正如先前的研究表明,HIV感染可能会损害生殖道黏膜T细胞功能,我们对HIV感染女性的生殖道黏膜中的T细胞细胞因子mRNA进行了研究,以确定细胞因子谱是否存在改变,这可能解释T细胞功能受损的原因。采用原位杂交技术研究了10名HIV阳性和10名HIV阴性受试者宫颈活检组织中辅助性T细胞1(Th1:白细胞介素-2、干扰素-γ(IFN-γ))和Th2细胞因子(白细胞介素-4、白细胞介素-5、白细胞介素-10)的mRNA谱。

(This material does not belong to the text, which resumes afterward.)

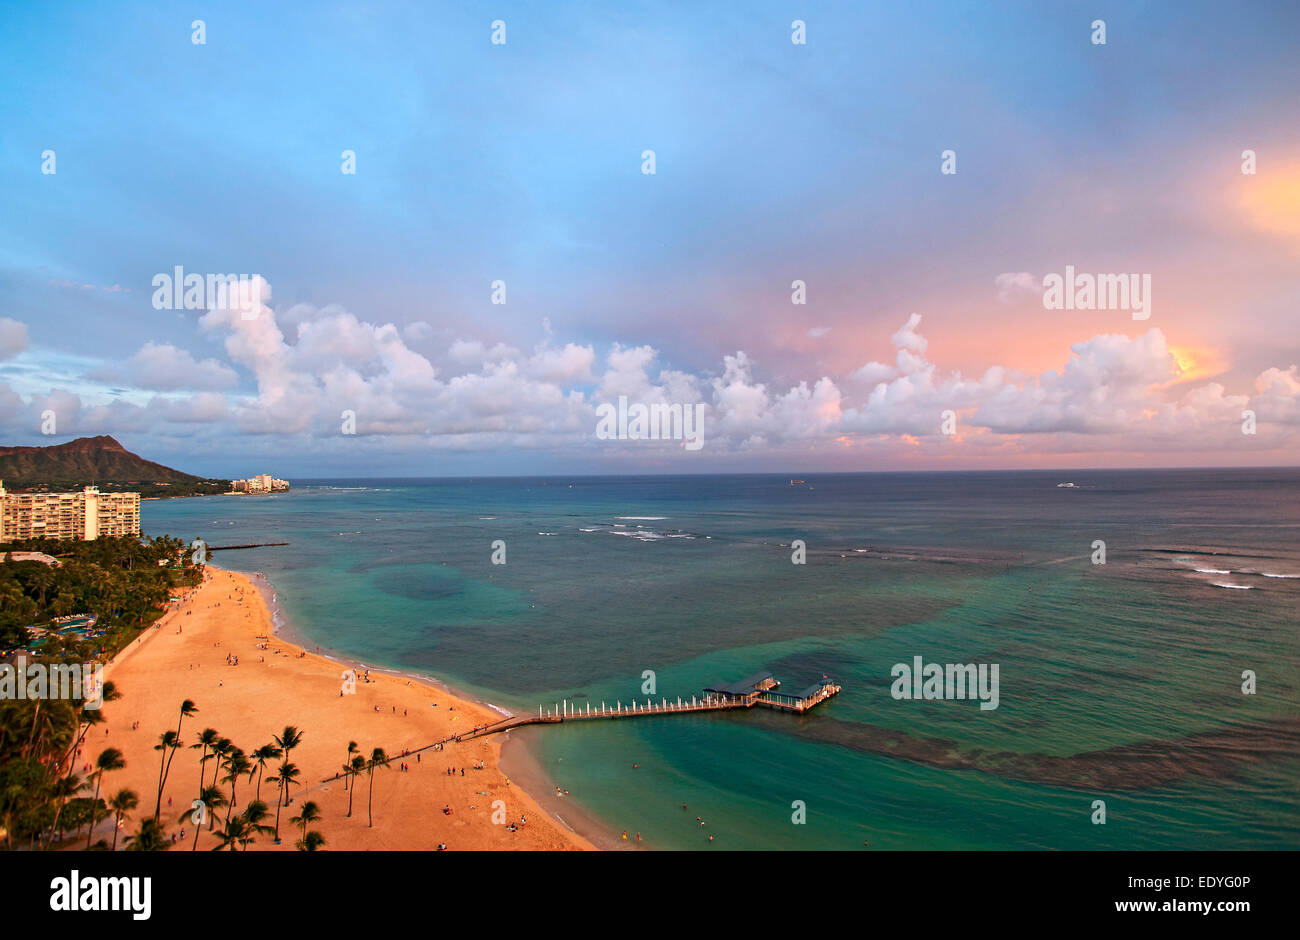 Vista de Waikiki desde una habitación en el Hilton Hawaiian Village Foto de stock

先前已排除宫颈上皮内瘤变(CIN)和生殖道感染,并且已知每个受试者宫颈黏膜内免疫活性细胞的分布情况。使用非参数检验比较HIV阳性组和HIV阴性组中细胞因子mRNA的光密度(OD)。还对HIV阳性受试者的外周血CD4淋巴细胞计数、宫颈CD4/CD8 T淋巴细胞比值和细胞因子mRNA OD进行了比较。HIV阳性女性的Th2细胞因子白细胞介素-4、白细胞介素-5和白细胞介素-10的mRNA OD显著高于HIV阴性女性。前一组的白细胞介素-2 mRNA OD也显著较低。HIV阳性女性的干扰素-γ mRNA低于HIV阴性女性,但差异无统计学意义。细胞因子mRNA OD与外周血CD4计数或宫颈CD4/CD8比值之间无相关性。免疫抑制性的Th2细胞因子在HIV阳性女性宫颈黏膜中的优势可能是CD8 + T淋巴细胞细胞毒性潜能受损的基础,并且可能导致HIV感染女性易患复发性生殖道感染和宫颈肿瘤。